In summary, CaP scaffolds produced using approaches involving low- or high-temperature 3D printing processes or post-processing steps have been shown to be osteoconductive in a variety of animal models; however, complete bone regeneration is typically not achieved without the addition of osteoinductive elements such as cells or biofactors. Future work must focus on refining the right combination of cell populations, growth factors, or other osteoinductive elements needed for complete bone regeneration in orthotopic models of bone regeneration.

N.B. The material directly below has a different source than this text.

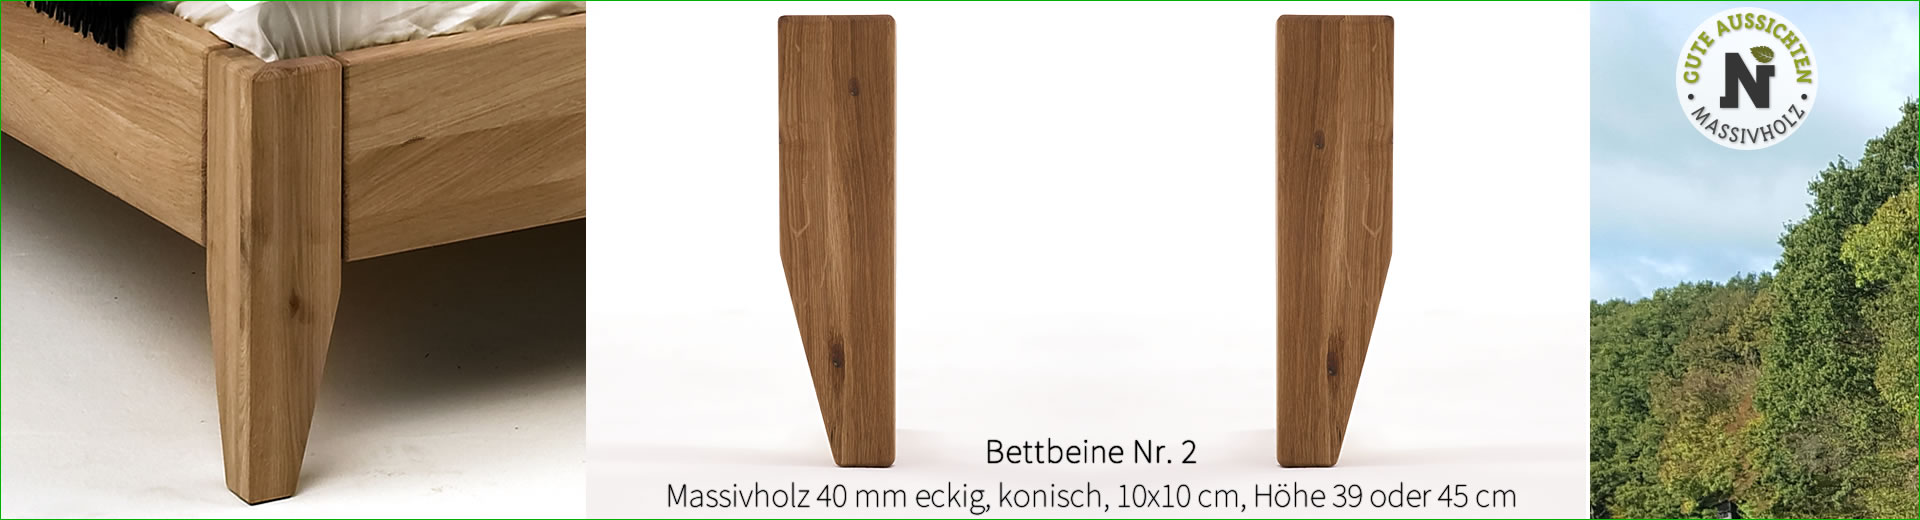 Bettbeine Nr. 2, Massivholz 40 mm eckig, konisch 10x10 cm, Höhe 39 cm, Wildeiche
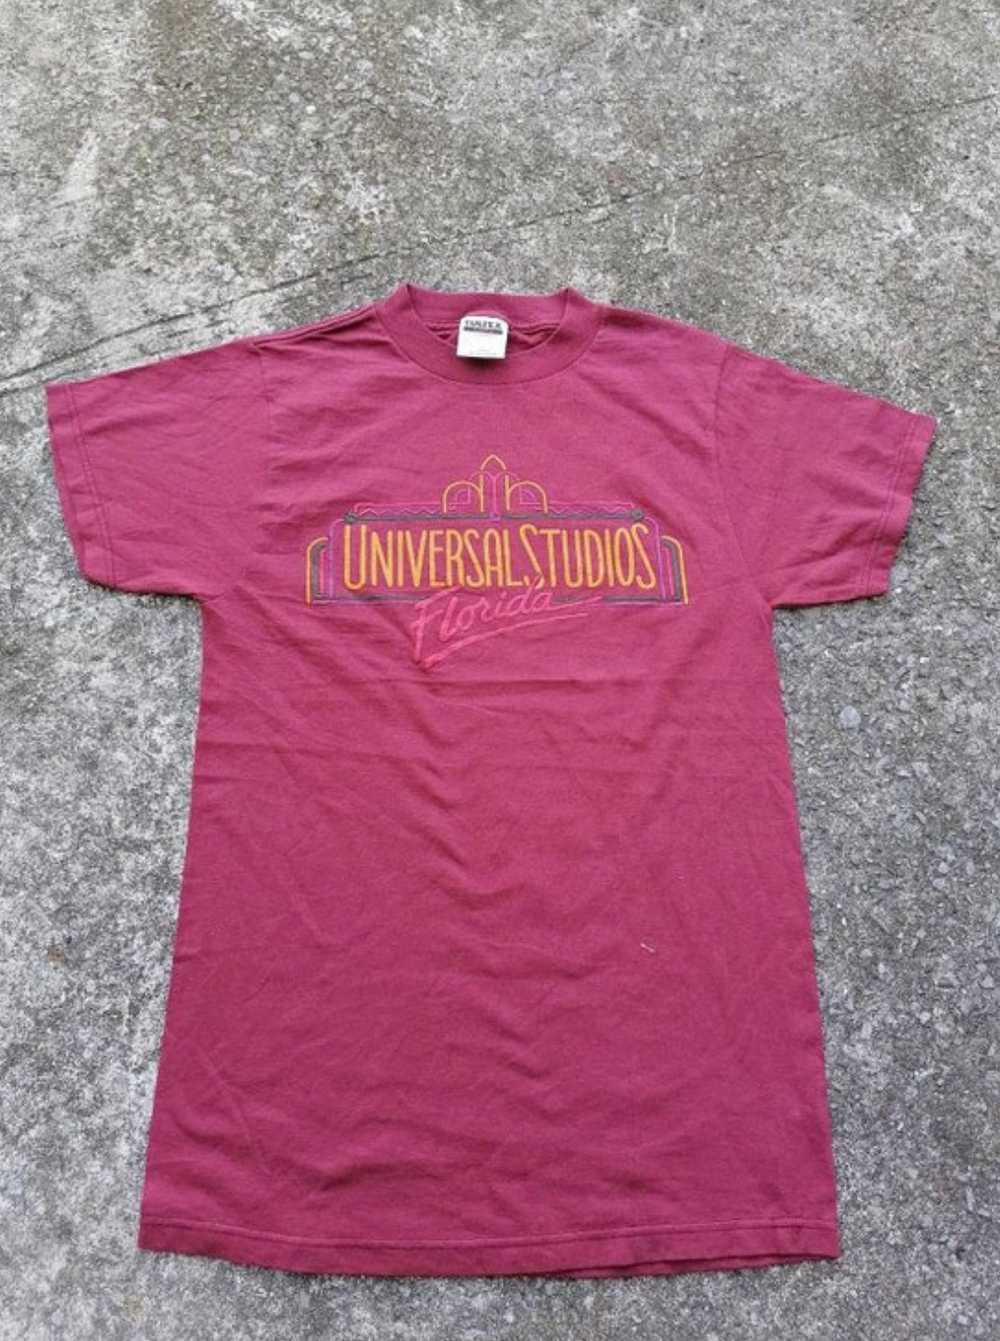 Universal Studios Florida TULTEX Tee - image 1

It is also not known precisely what porosity and pore size distribution are ideal for supporting and enabling bone growth, but this information is vital for optimizing sintering temperatures and duration that affect both mechanical strength and pore morphologies. The advantages of low temperature fabrication approaches are nullified by the poor biomechanical properties of these scaffolds, which makes their use in load-bearing orthotopic models of bone repair challenging. New binders or printing technologies that could improve the mechanical properties of printed CaP scaffolds at biologically-relevant temperatures are an area of research that requires attention. The current 3D printing platforms have limitations intrinsic to the technology used, as described, and future research and development should focus on overcoming these limitations with the goals of enhancing biomechanical properties, resolution, biocompatibility, and sustained drug release that could approach first- or zero-order kinetics. However, an argument can be made that the 3D printing technology has matured to the point where further testing in large animals is required to demonstrate level I preclinical evidence of efficacy.